__About this task__: Copy the lines below as they are; omit the images they contain.

__Stored data__:
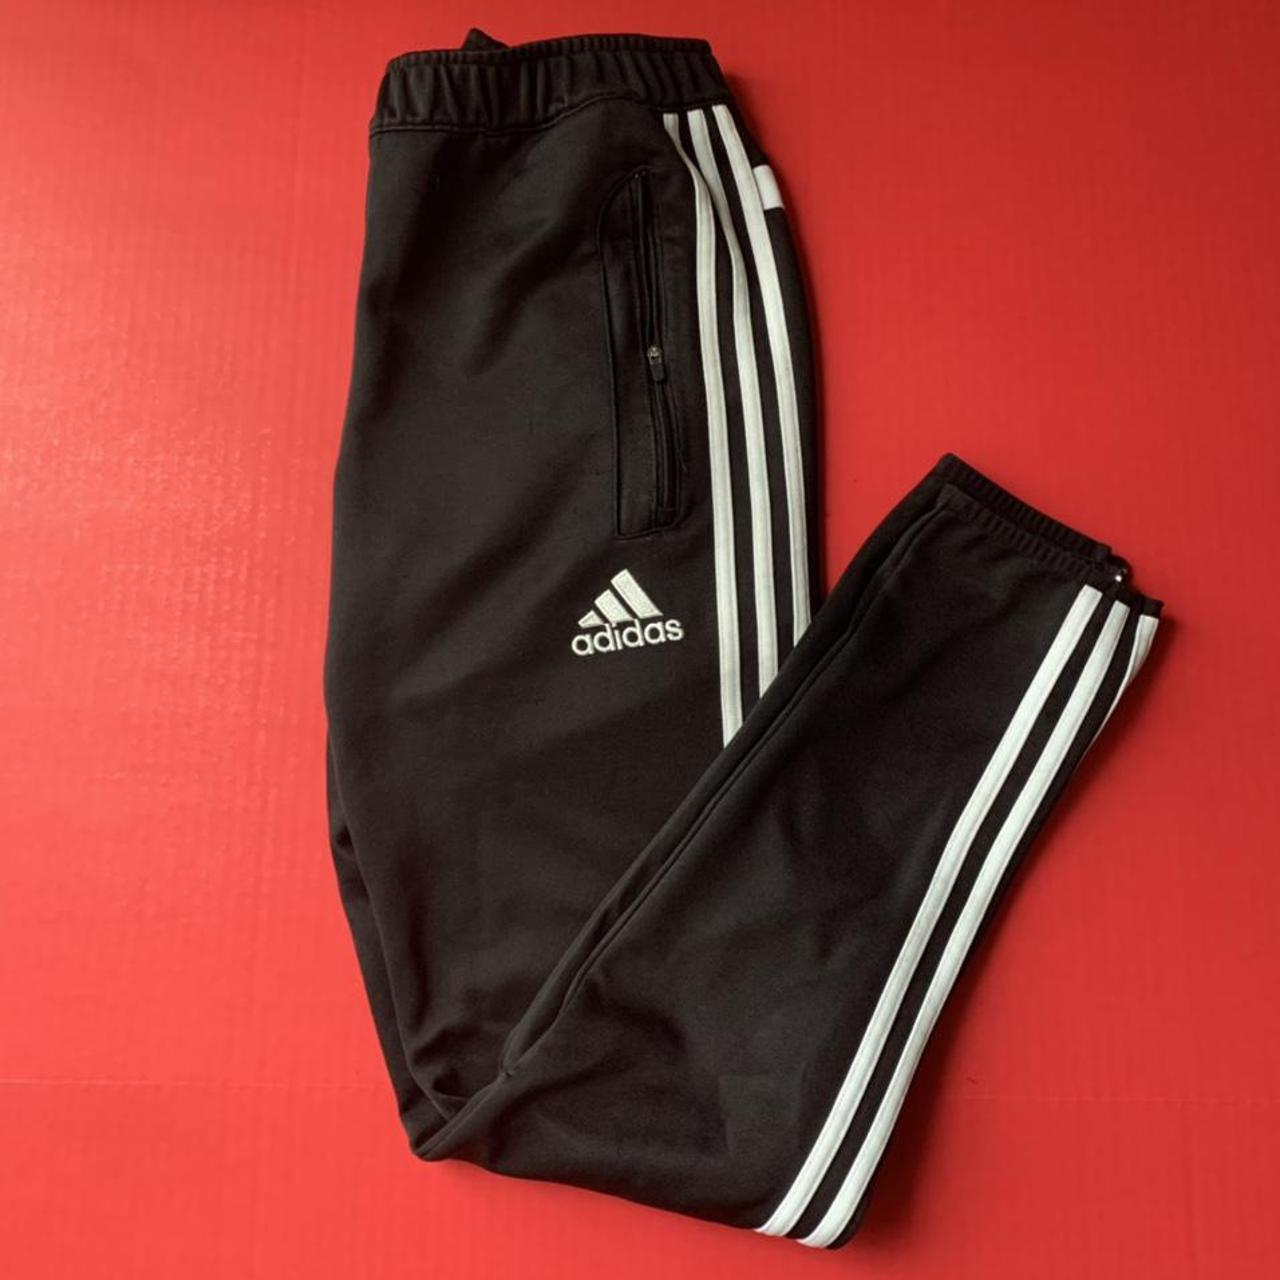 Adidas jogging pants. Has zipper pockets and zippers... - Depop
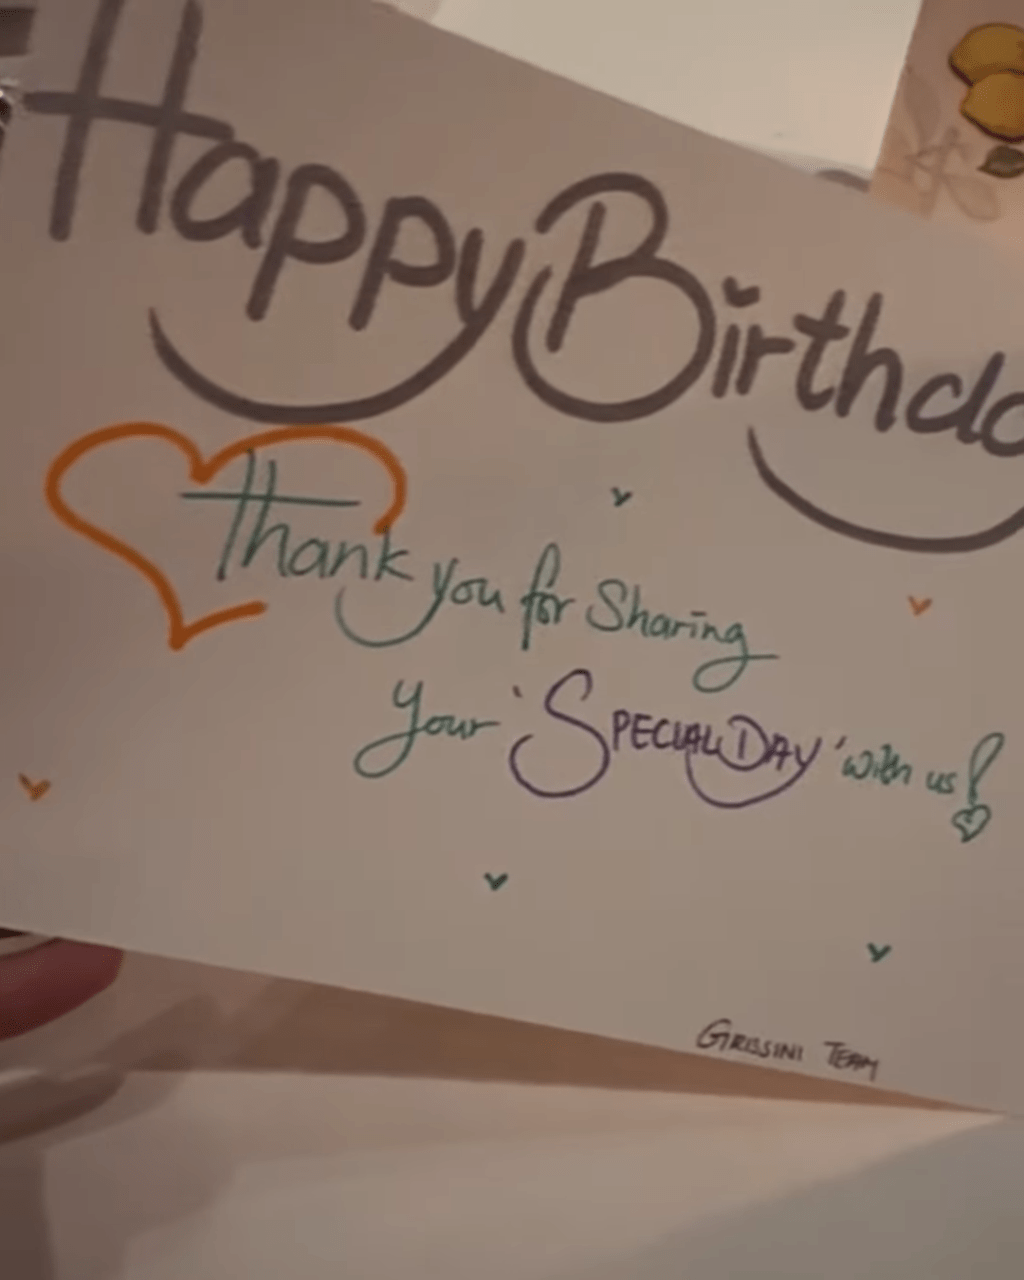 黄心颖最后上载了一段影片，当中影着一张生日卡。
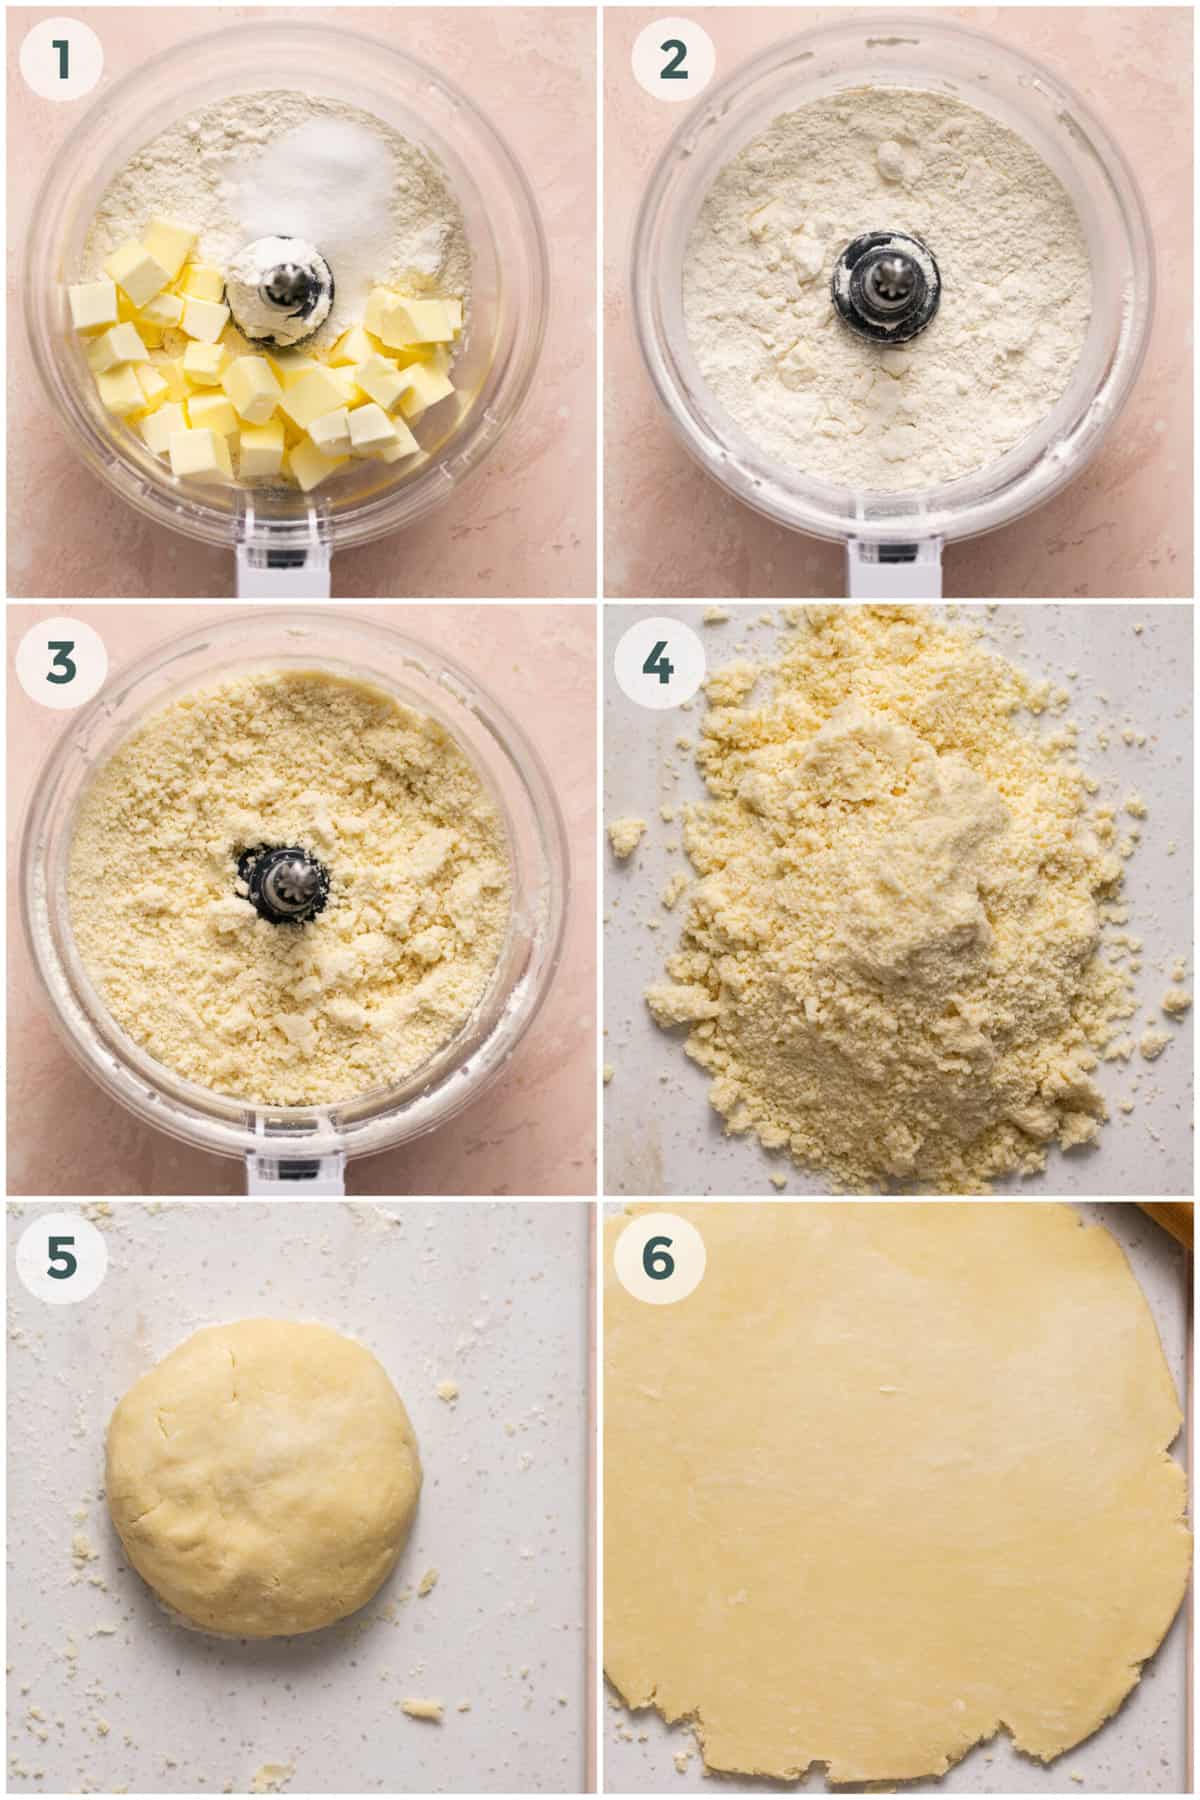 steps 1-6 of preparing lemon tart recipe

__Answer area__:
 Adidas jogging pants. Has zipper pockets and zippers... - Depop
 黄心颖最后上载了一段影片，当中影着一张生日卡。
 steps 1-6 of preparing lemon tart recipe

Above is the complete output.